Q15 3 Sum
First sort the array, then run through all possible first element of a triplet. For each possible first element make a 2Sum sweep of the remaining part of the array. in order to sum 0,for the 3 elements ,get the larger number toward right or get the smaller number toward left. And utilize hashset to avoid duplicated result.
O(n^2)
O(n)
public class Solution {
public List<List<Integer>> threeSum(int[] num) {
Arrays.sort(num);
List<List<Integer>> list = new ArrayList<List<Integer>>();
HashSet<List<Integer>> set = new HashSet<List<Integer>>();
for(int i=0;i<num.length;i++)
{
for(int low=i+1,high=num.length-1;low<high;)
{
if(num[i]+num[low]+num[high]==0)
{
List<Integer> lists= new ArrayList<Integer>();
lists.add(num[i]);
lists.add(num[low]);
lists.add(num[high]);
if(set.add(lists))
list.add(lists);
low++;
high--;
}
else if(num[i]+num[low]+num[high]<0)
low++;
else
high--;
}
}
return list;
}
}
First sort the array, then run through all possible first element of a triplet, meanwhile skip the duplicated number.
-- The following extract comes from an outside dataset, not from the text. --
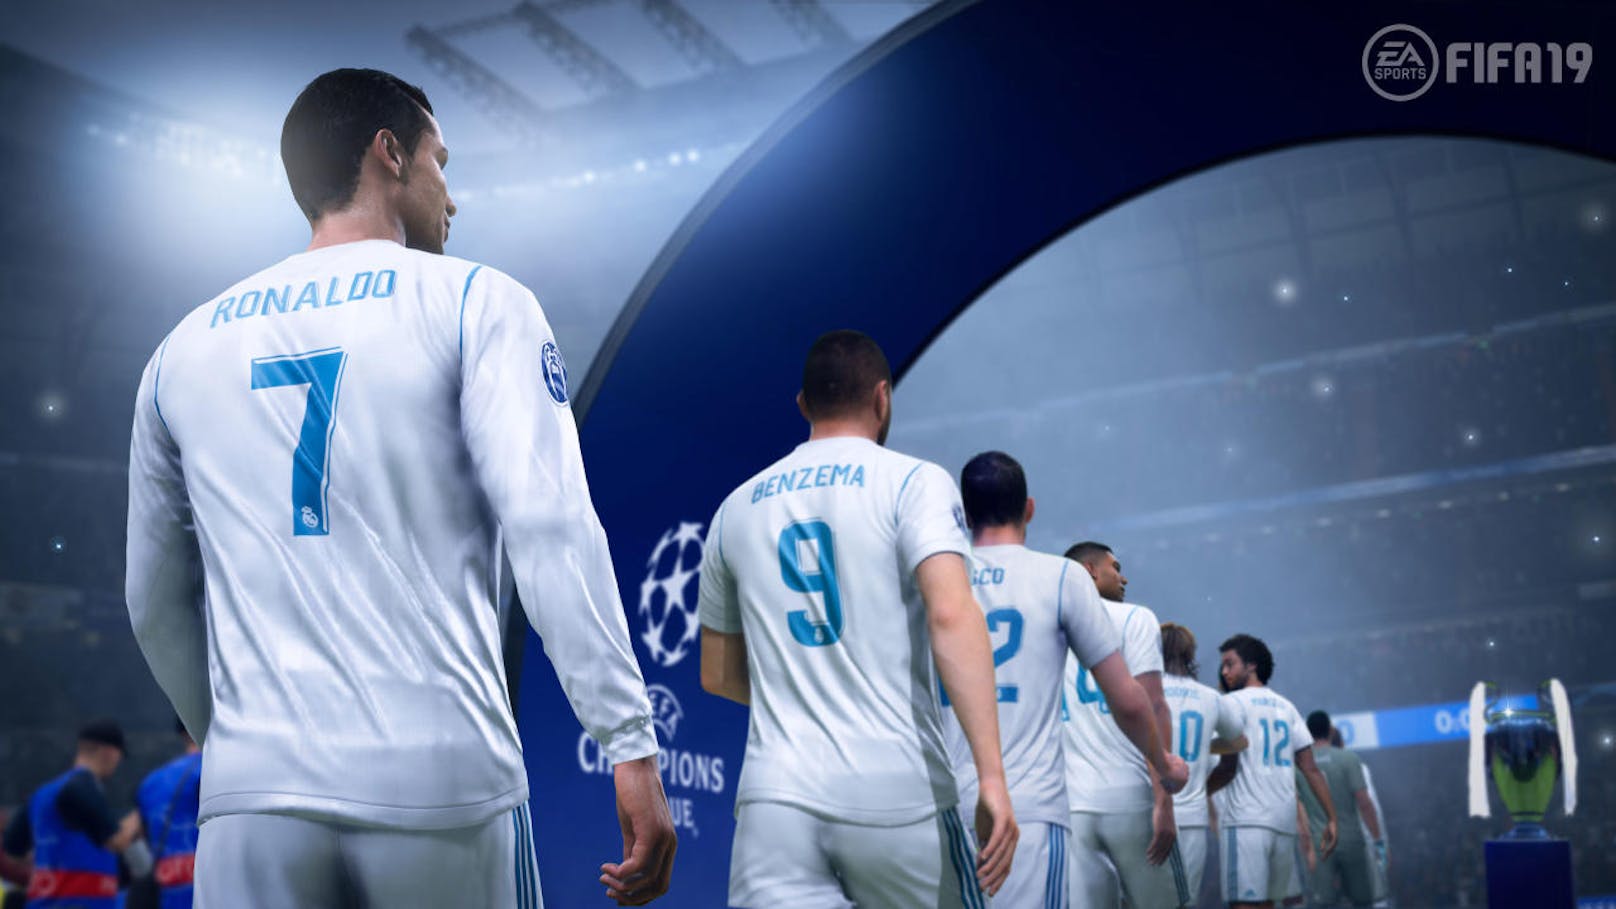 Mit FIFA 19 geht der Serienmeister der Fußball-Games in die nächste Runde. Mit neuem Anstrich und der Champions League im Gepäck wird EA Sports ab 28. September wieder die Wohnzimmer zu Fußball-Arenen zu verwandeln.

For each possible first element make a 2Sum sweep of the remaining part of the array. In order to sum 0,for the 3 elements ,get the larger number toward right or get the smaller number toward left.
O(n^2)
O(n)
public class Solution {
public List<List<Integer>> threeSum(int[] num) {
Arrays.sort(num);
List<List<Integer>> res = new ArrayList<List<Integer>>();
for (int i = 0; i < num.length-2; i++) {
if (i == 0 || (i > 0 && num[i] != num[i-1])) {
int low = i+1, high = num.length-1, sum = 0 - num[i];
while (low < high) {
if (num[low] + num[high] == sum) {
res.add(Arrays.asList(num[i], num[low], num[high]));
while (low < high && num[low] == num[low+1]) low++;
while (low < high && num[high] == num[high-1]) high--;
low++; high--;
} else if (num[low] + num[high] < sum) low++;
else high--;
}
}
}
return res;
}
}